I wanna get these 3 links into a list:

http://feeds.feedburner.com/~r/CoinDesk/~4/rvoQUj-KDaw
http://feeds.feedburner.com/~r/CoinDesk/~4/xRzN7syt-v0
http://feeds.feedburner.com/~r/CoinDesk/~4/ooQYB2iDxP8

They obey this pattern:

src="http://feeds.feedburner.com/~r/CoinDesk/~4/rvoQUj-KDaw"

I know that I should use re.findall(pattern, string) to achieve that.

But the big question is: How can I build a pattern that works here?

I'm not that good at writing regex patterns.. I always get confused... the one that almost got the job done was this one:

pattern = 'http[s]?://(?:[a-zA-Z]|[0-9]|[$-_@.&+]|[!*\(\),]|(?:%[0-9a-fA-F][0-9a-fA-F]))+'

But all I got was this list:

[u'http://feeds.feedburner.com/', u'http://feeds.feedburner.com/', u'http://feeds.feedburner.com/']
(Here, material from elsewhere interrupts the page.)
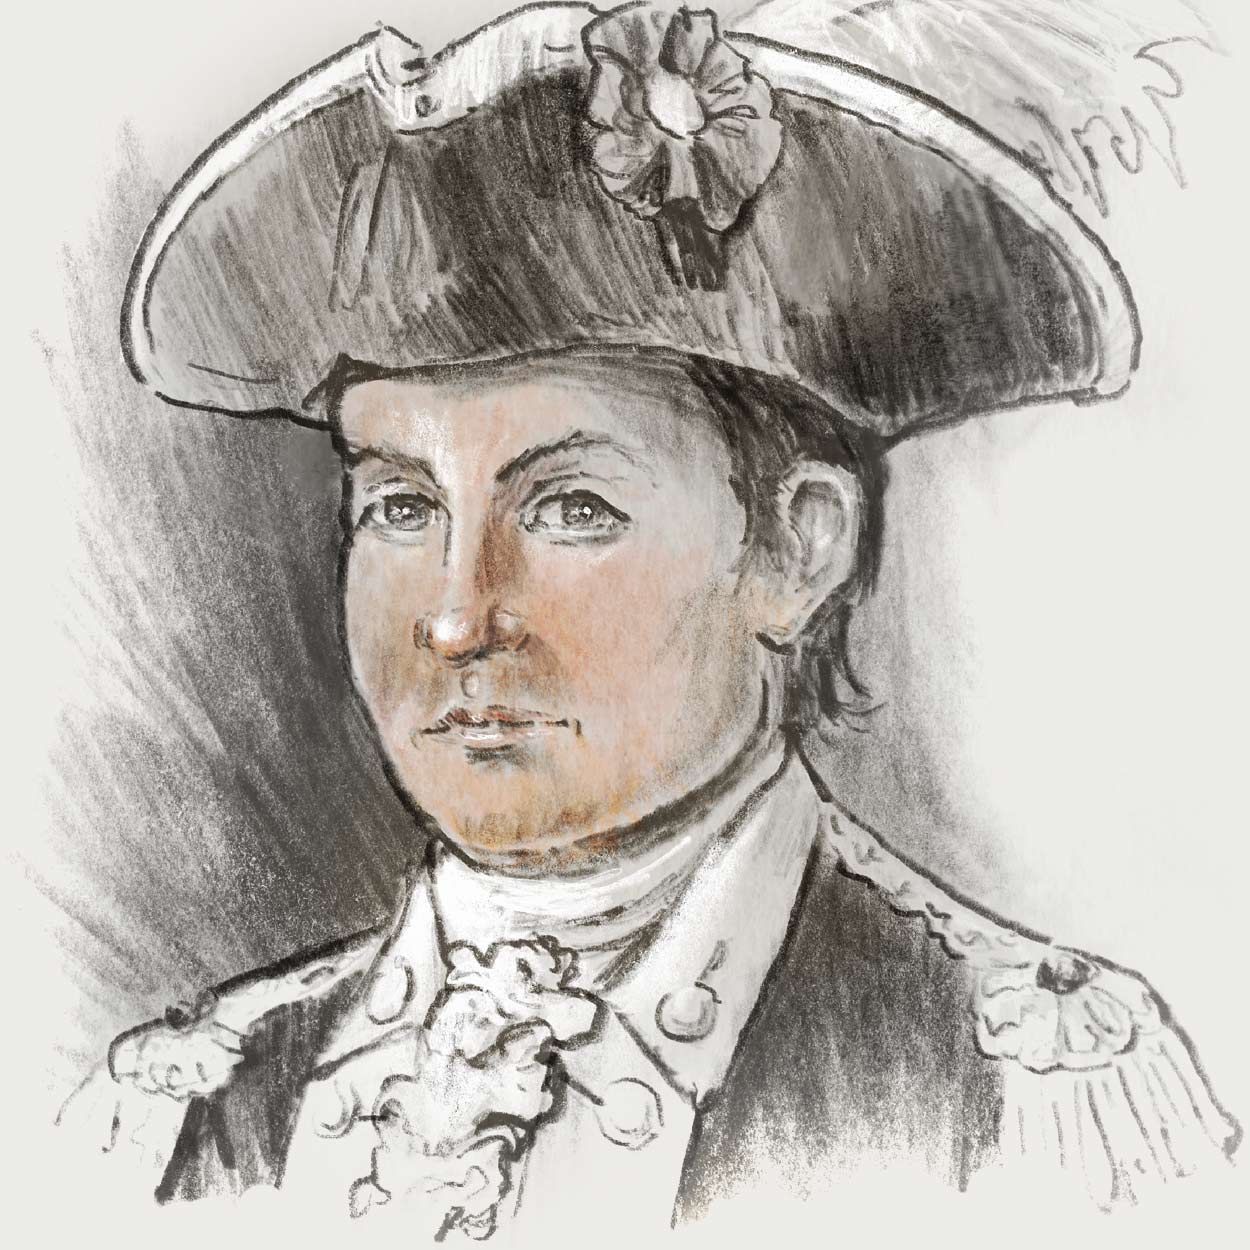 Drawn portrait of Christopher Greene

It looks like the problem is with the ~r part and the stuff after that.

Upvotes: 0

Views: 119

Answers (4)

NikT
NikT

Reputation: 1990

where is this data coming from ? I'd suggest using an html parser instead of trying to extract with regex. you can pull out the full values from within the tags there if that's coming from html

below i put your string in test.html (for python using beautifulsoup as example)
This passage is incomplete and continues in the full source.